As we all know, the fault is the pain of the operation and maintenance personnel forever! I believe that every operation and maintenance personnel has one KPI: availability. High availability means no failure, companies have different standards for availability and failure ratings, but the way to avoid failures is the same.
1、Changes must be rolled back and tested in the same environment
All changes must be rolled back and tested in the same environment. Things that have not been done will always give you a blow in places you unexpectedly. The years of operation and maintenance experience tells us that all the changes that have not been made have the greatest probability of error. So we need to give the change the possibility of rolling back, and consider rolling back to the original state if the steps are likely to go wrong. Excellent operation and maintenance personnel are far from the operation that does not consider rollback. In a sense, operation and maintenance is a subject of experience and a discipline of trial and error.
2、Be cautious about destructive operations
What are the columns of destructive operations? For the database: DROP Table, Drop database, truncate table, delete all data; after these operations are done, it is almost impossible to consider how to roll back the data. Even if it rolls back, the cost is very large. It is very simple to execute such a statement, but it is very difficult to roll back the recovery data. These operations should be more cautious.
3、Set the command prompt
Let you know which database you are working on and which directory you are in. If you open multiple tabs, if the content of each tab is the same, we can cut it off and possibly operate on the wrong tab. After setting this, the probability of this problem will be much smaller.

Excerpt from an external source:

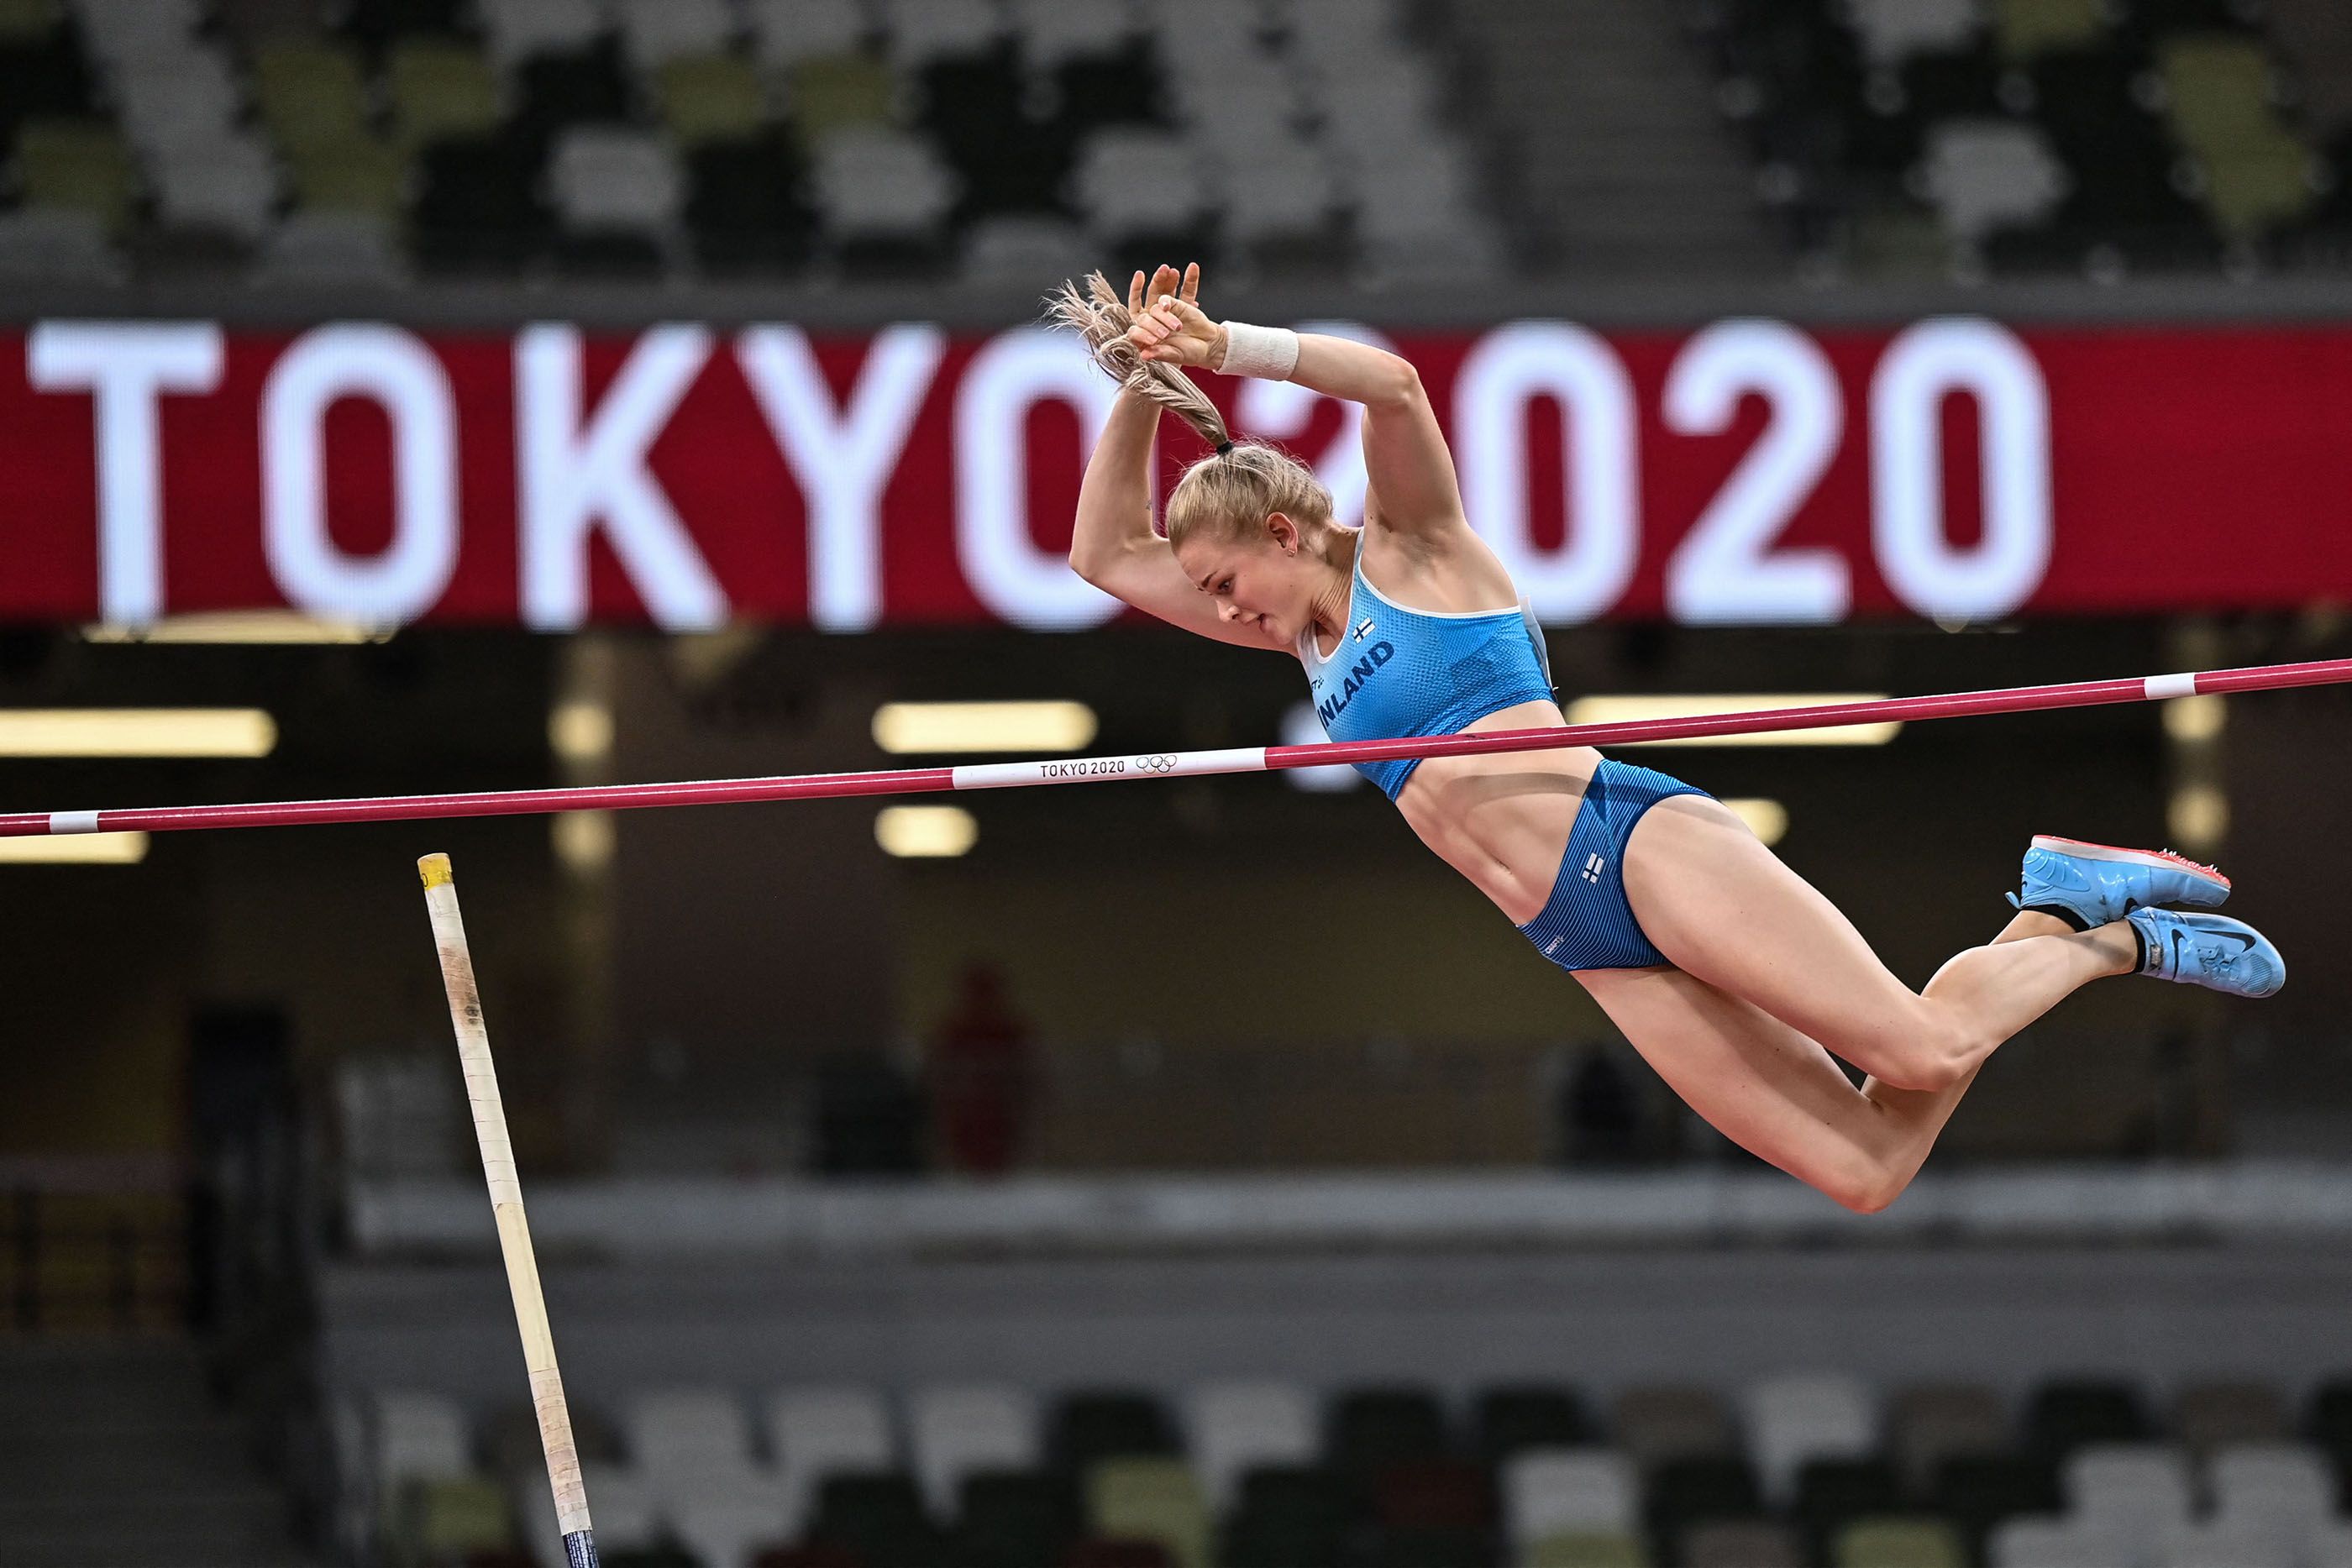 Wilma Murto competes at the Olympic Games in Tokyo
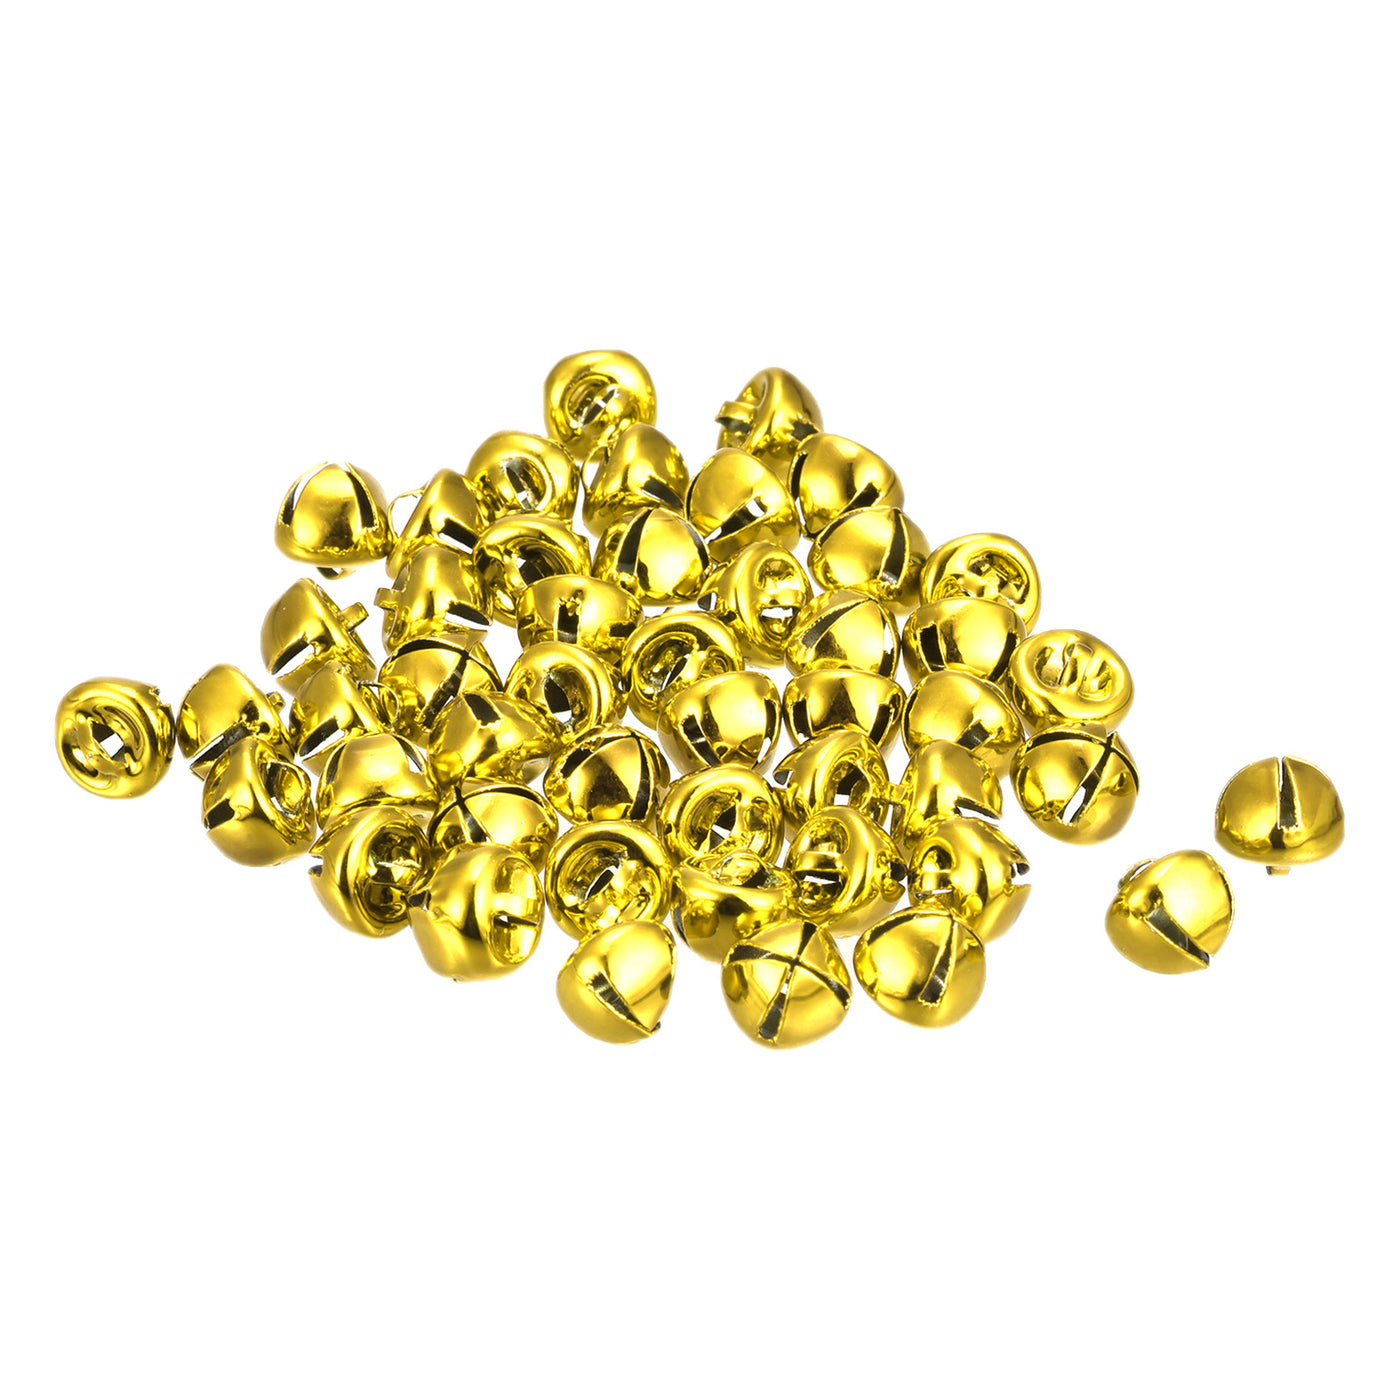 uxcell Uxcell Jingle Bells, 10mm 120pcs Small Bells for Crafts DIY Christmas, Gold Tone

4、Back up and verify backup validity
We need to prepare for backup. If you have a backup, can you sit back and relax? Or not. You need to verify the validity of the backup. No backup can guarantee that the data it backs up can recover 100% of the correct data. Therefore, backup is not just a backup, it also includes backup verification, if it can not recover the correct data, it is just a waste of space.
5、Handover and vacation are the most likely to fail, please be cautious when changing
The operation and maintenance department and the operation and maintenance personnel need to be as calm as possible in the change; take over the work of others, and then confirm the change plan again and again. Asking people is not necessarily a performance that cannot be done; it is best to have a variety of things to do before the vacation. It is best to prepare a document indicating under what circumstances and under what circumstances. When someone else takes a vacation, they take over the work, "can drag and drop", it really needs to be executed: you must tirelessly confirm the details of each operation with the original operator.
6、Set up an alarm to get timely error information
The alarm allows you to know in time what is wrong with the system. Performance monitoring allows you to understand historical performance information for your system. Analyze various phenomena when the fault occurs, confirm the real cause of the fault; understand the trend of change, find the signs of the fault, and optimize and adjust early. Alarms and performance monitoring are not completely independent, and many performance monitoring items can also be alarmed.